In short: Since my goal is a nice decent performance desktop to run a browser, I test the browser.
Ah. Perhaps smaller intermediate steps then (when time permits)? Ping, Dillo, Netsurf …
This may help: https://forum.odroid.com/viewtopic.php?f=96&t=30552
Good hunting!
FWIW, I don’t need to start with Ping as I start with setting the clock from my private network time server. Networking must be up for that, and it assures proper time stamps in following operations. Then I have a “pingout” command that goes by steps to the lab router (inside / outside interfaces) the house router (inside / outside) and the time server and then to an external responder site. I only use that if the apt-get update fails (as apt-get update depends on all that other stuff).

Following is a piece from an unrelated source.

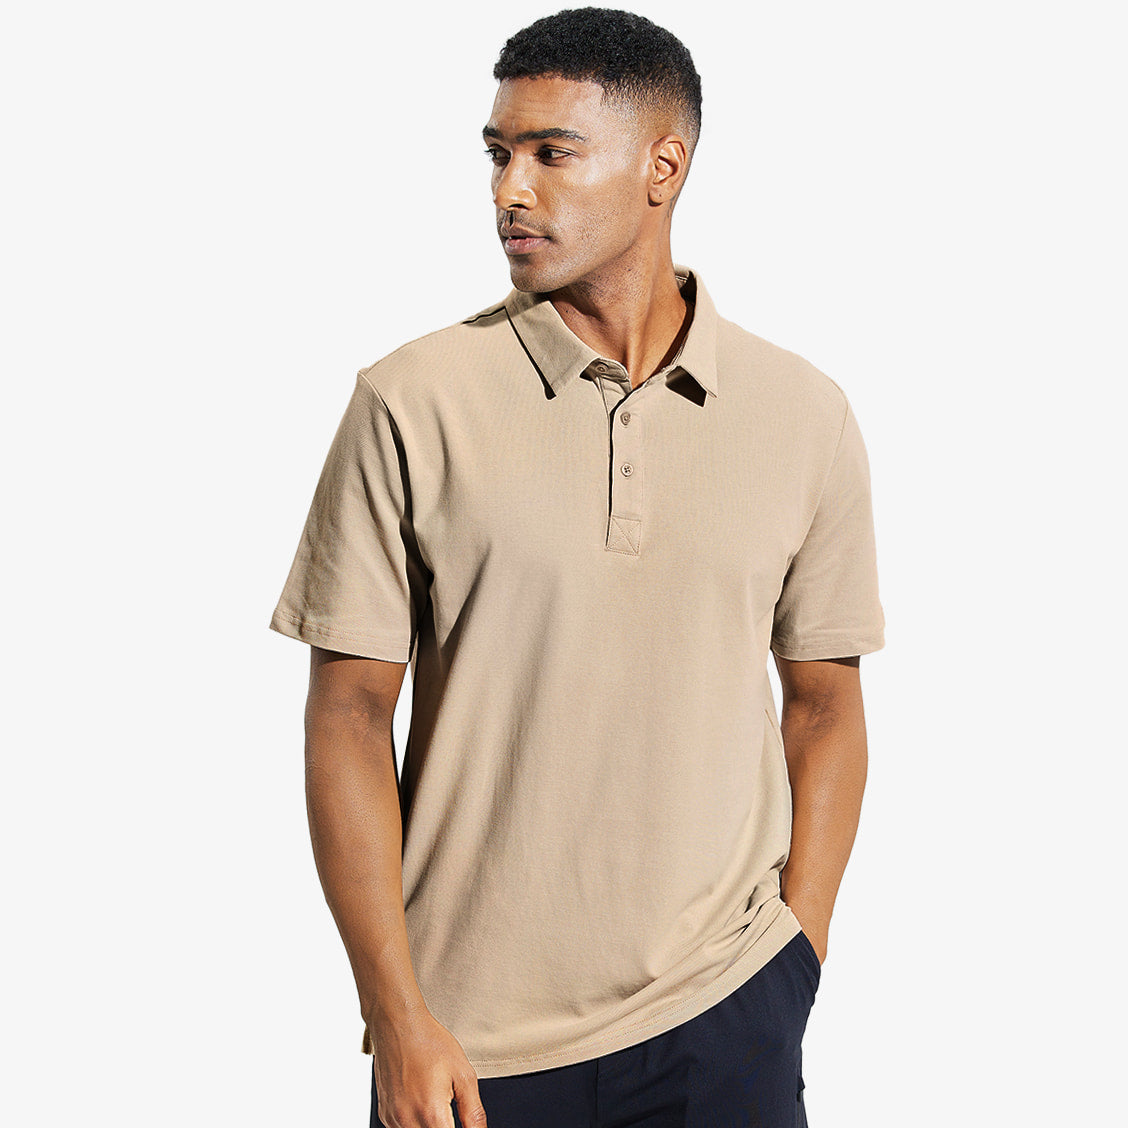 Cathalem Men's Golf Polo Shirts Classic Fit Long Sleeve Solid Soft Cotton  Polo Shirt,Beige XXXL

I’ll then load “my usual suite of applications” that includes NFS so I can mount my NFS server and a couple of other file system types. IF not already installed, then LXDE or XFCE pretty much shakes out the basic functions. (Oh, and Build-Essential goes in too). First thing I do then is launch htop. Gives me system status information and lets me monitor what’s going on, and shows general windowing working OK.
After that, I’ll log back in graphical. Assuming that works, and I’ve got my nice graphical environment, working networking, nfs file server, update / upgrade done, etc…. THEN I try a browser as that’s pretty much all that is left.
As per Dillo and Netsurf:
Not that fond of them as browsers. Even if they DID work, I’d not accept the build if Firefox or Chromium didn’t work. Might be useful as a “fall back” for diagnostics AFTER the big browsers fail, but not before, given my work flow on the blog.